An epsilon value (1e-10) is utilized to prevent division by zero in the computation.

See also

The Silhouette coefficient [-1, 1] can be computed by sklearn.metrics.silhouette_score().
The Calinski Harabasz score [0, ∞] can be obtained using sklearn.metrics.calinski_harabasz_score().
Clustering evaluation can be performed using AAclust.eval().

Examples

The Bayesian Information Criterion (BIC) [-∞, ∞] for a given set of clusters in the dataset X can be computed using the comp_bic_score() function. As introduced in [Breimann24a], the BIC was adjusted so that higher values indicate better clustering results:

import numpy as np
import seaborn as sns
import matplotlib.pyplot as plt
import pandas as pd
import aaanalysis as aa

# Generate random 2D data for two distinct groups
group_blue = np.random.normal(loc=[-1, -1], scale=[0.5, 0.5], size=(1000, 2))
group_red = np.random.normal(loc=[1, 1], scale=[0.5, 0.5], size=(1000, 2))

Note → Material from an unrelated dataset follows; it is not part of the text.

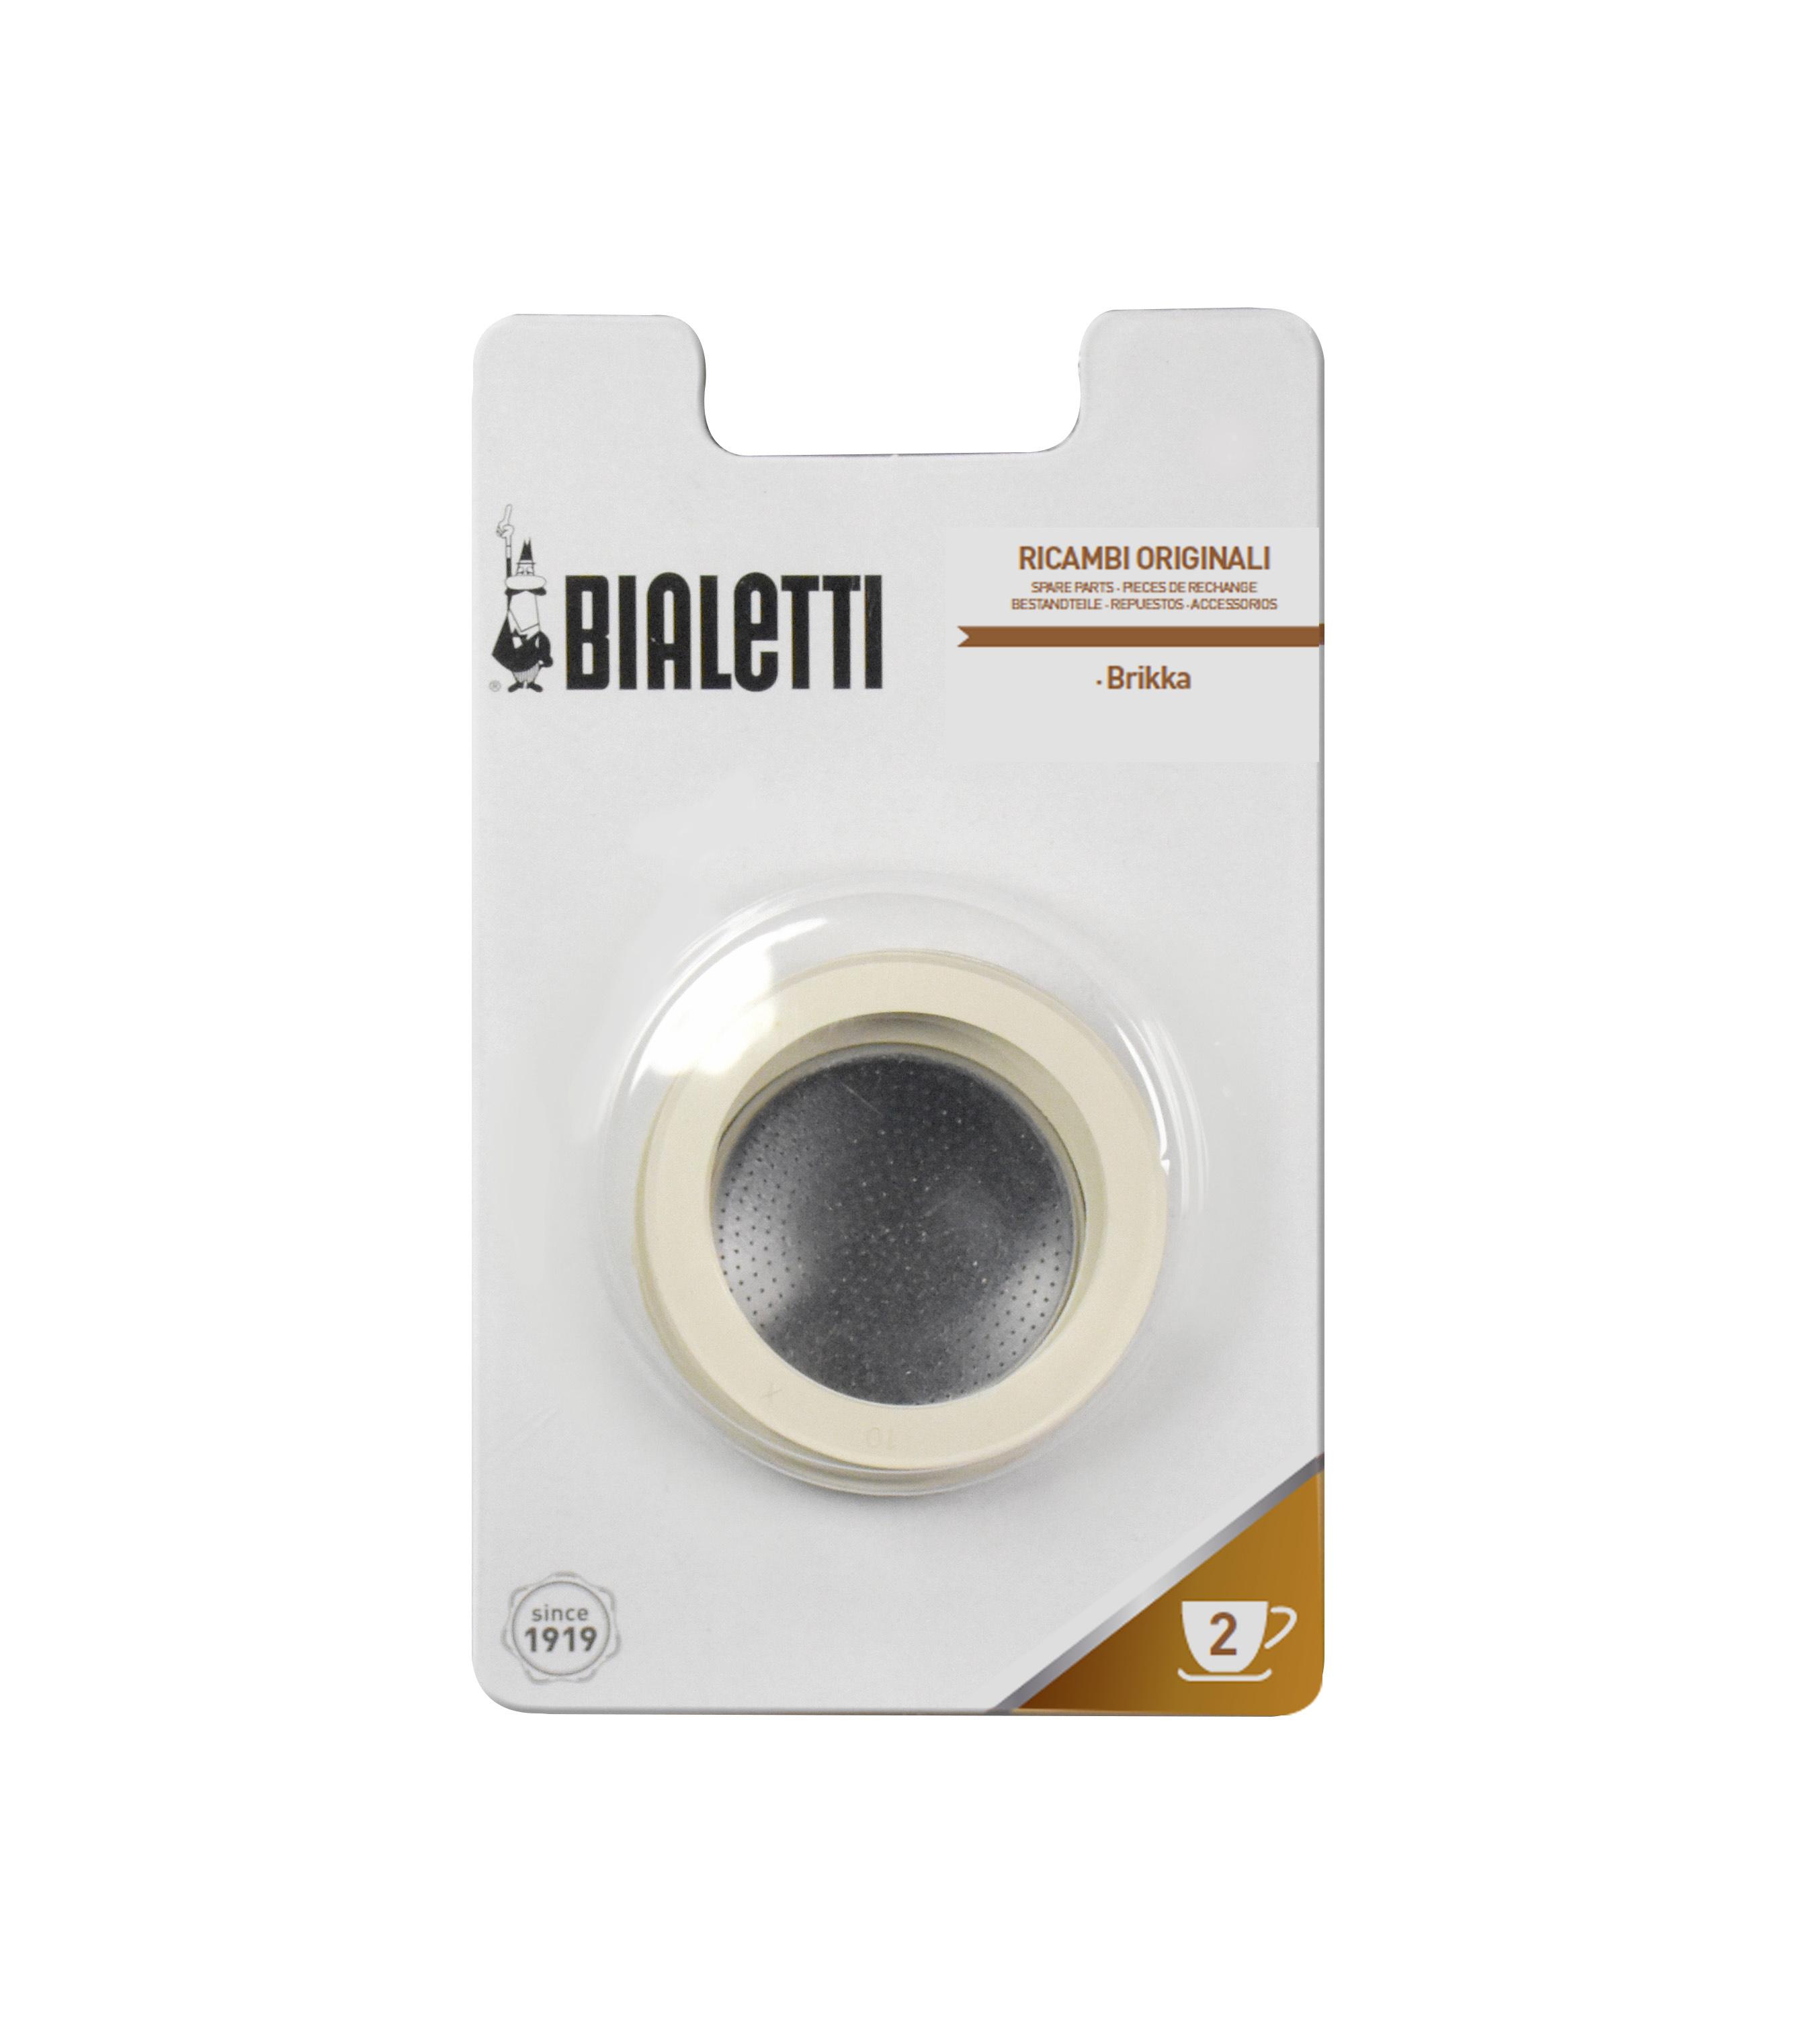 Уплотнитель Bialetti для Brikka на 2 порции 3 шт. + фильтр 1 шт.

# Combine data into a single dataset and create labels
X = np.vstack([group_blue, group_red])
labels = np.array([0]*1000 + [1]*1000)

# Compute BIC score
bic_score = round(aa.comp_bic_score(X, labels), 3)

# Create a DataFrame for Seaborn
df = pd.DataFrame(X, columns=['Feature 1', 'Feature 2'])
df['Label'] = labels

# Plot using seaborn
aa.plot_settings()
sns.scatterplot(data=df, x='Feature 1', y='Feature 2', hue='Label',
                palette=['tab:blue', 'tab:red'], legend=False)

plt.title(f"BIC = {bic_score} (Perfect Labeling)")
sns.despine()
plt.show()

../_images/comp_bic_score_1_output_1_0.png

Labeling both groups randomly is dramatically decreasing the bic_score:

# Random labeling
np.random.shuffle(labels)
df['Label'] = labels

# Compute BIC score
bic_score = round(aa.comp_bic_score(X, labels), 3)


# Plot using seaborn
sns.scatterplot(data=df, x='Feature 1', y='Feature 2', hue='Label',
                palette=['tab:blue', 'tab:red'], legend=False)

plt.title(f"BIC = {bic_score} (Random Labeling)")
sns.despine()
plt.show()

../_images/comp_bic_score_2_output_3_0.png